TARGETED ONCOLOGY:What are you thoughts on PD-L1 as a dynamic biomarker?
Kerr:Much of the evidence will suggest that it is dynamic and that it is inducible, and will be up- or down-regulated according to stimuli, including immune stimuli, in the tumor. This is probably one of the other reasons why the biomarker doesn't look at good as it otherwise might be, because the test is performed at one time point, and when the patient is actually receiving the therapy, the PD-L1 stages of the tumor may have changed. There are very little data out there and I think what data have appeared might suggest that it's a little less dynamic than we thought it might be.

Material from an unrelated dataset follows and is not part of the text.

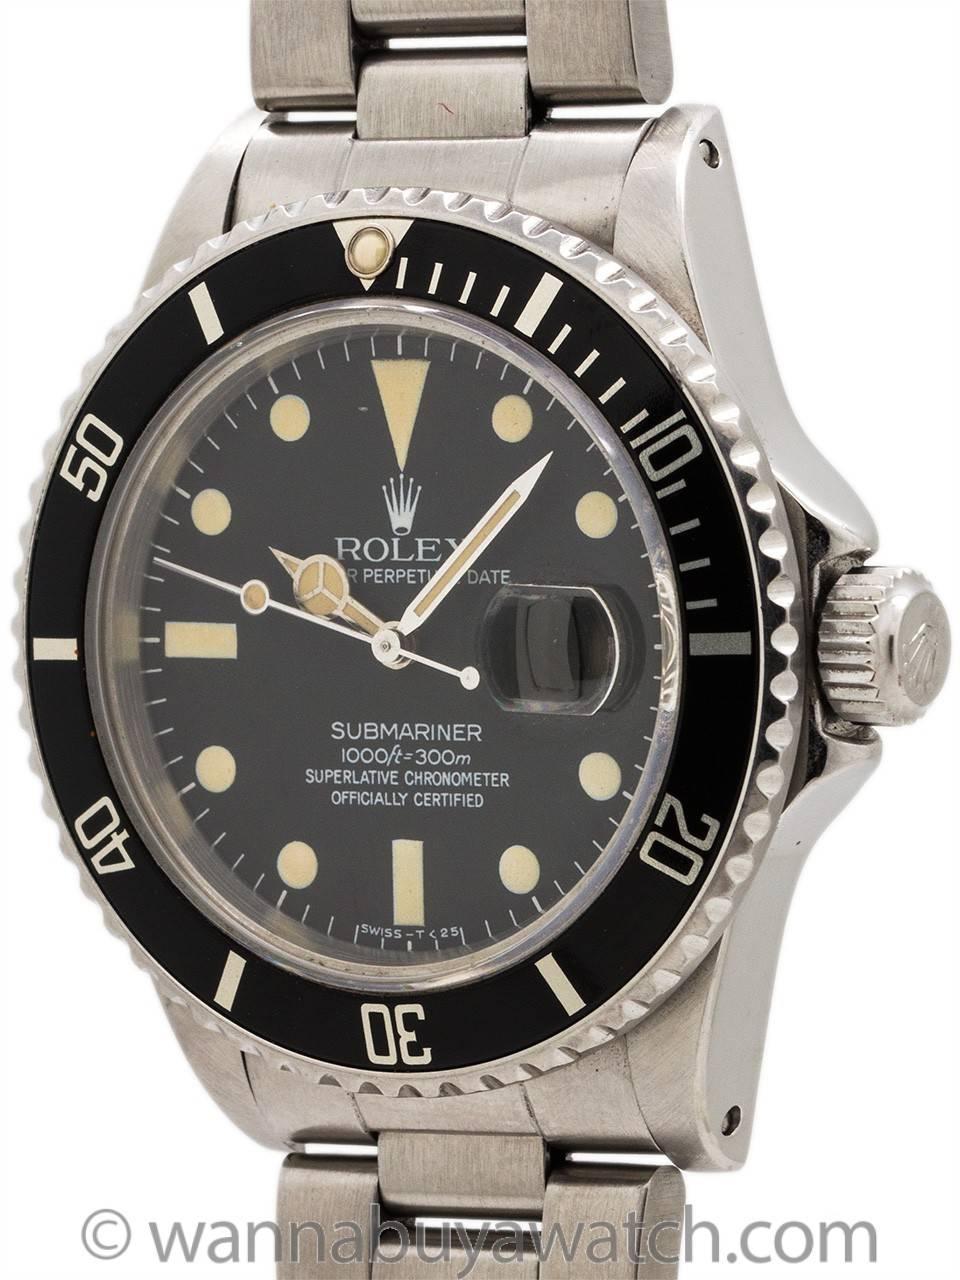 Rolex Submariner ref 16800 Transitional model 8.4 million serial # circa 1984 complete with box and papers. Great looking model with beefy lug case, warmly patina'd luminous indexes and hands, and nicely aged elapsed bezel “pearl.” This is the

Certainly, expression levels will change.
TARGETED ONCOLOGY:In starting to understand all this, how can oncologists think about PD-L1?
Kerr:I think that the practice of testing will be driven by 2 things. It will be driven by a requirement mandated by whatever license the drug has in whatever health system or country the oncologist is working. It may be necessary to test to prove a certain level of expression to have a reimbursable prescription. In health systems where testing is not required, the oncologist may still wish to know what the PD-L1 expression is, because there is still no doubt in my mind that most of the data indicate that the chances of response to these therapies is determined by the level of expression.
If you are a very low responder, or a negative responder, your chances of responding to the drug, which is expensive and has side effects, are significantly less. Within that group of patients, we're now beginning to be concerned that some of those patients actually progress rapidly when they're given immunotherapy. So that's another concern about the liberal use of the drug. We haven't quite learned the best way to use it yet.
TARGETED ONCOLOGY:What other biomarkers are currently, or will become, important?
Kerr:The list gets longer by the day, but in practice for most of us, we still really only have two biomarkers that are associated with approved and reimbursed therapies. That's EGFR mutations and ALK translocation. We've been talking about these for a long time, and we've been talking about a long list of other biomarkers for a really long time, but very few of them have gotten over the line and become completely approved.
The next one around the corner, and it's already around the corner in some places like in the US, is ROS1. In other countries treatments for ROS1 are not yet approved, so testing for ROS1 is still something of an academic exercise. If you find a patient with ROS1, you either have to get compassionate use of the drug because it's not on hospital lists, or you have to get patients into trials. So it's still a challenge in that sense, but I'm sure within the next 12 months, let's hope at least, that ROS1 will become part of our routine testing portfolio.
After that, there will be other things, possibly HER2, and we have MET beginning to make a resurgence through the EXON 14 skipping mutation story, and those patients appear to be sensitive to some of the MET inhibitors. There are many other potential drugs out there with potential biomarkers, and of course that's going to throw up all sorts of challenges for us going forward.
TARGETED ONCOLOGY:What sorts of challenges do you perceive will present themselves in the realm of biomarkers?
Kerr:If there is a demand for a whole multiplicity of tests on one single sample, a pathologist like me is always moaning about having tiny amounts of tumor to work with. So we're going to have to be smarter about our testing strategy, and part of that may be the better use of next-generation sequencing, which can give us a tremendous amount of information about a large number of targets and mutations, and probably possibly gene copy number. That will help, but it won't provide the only answer.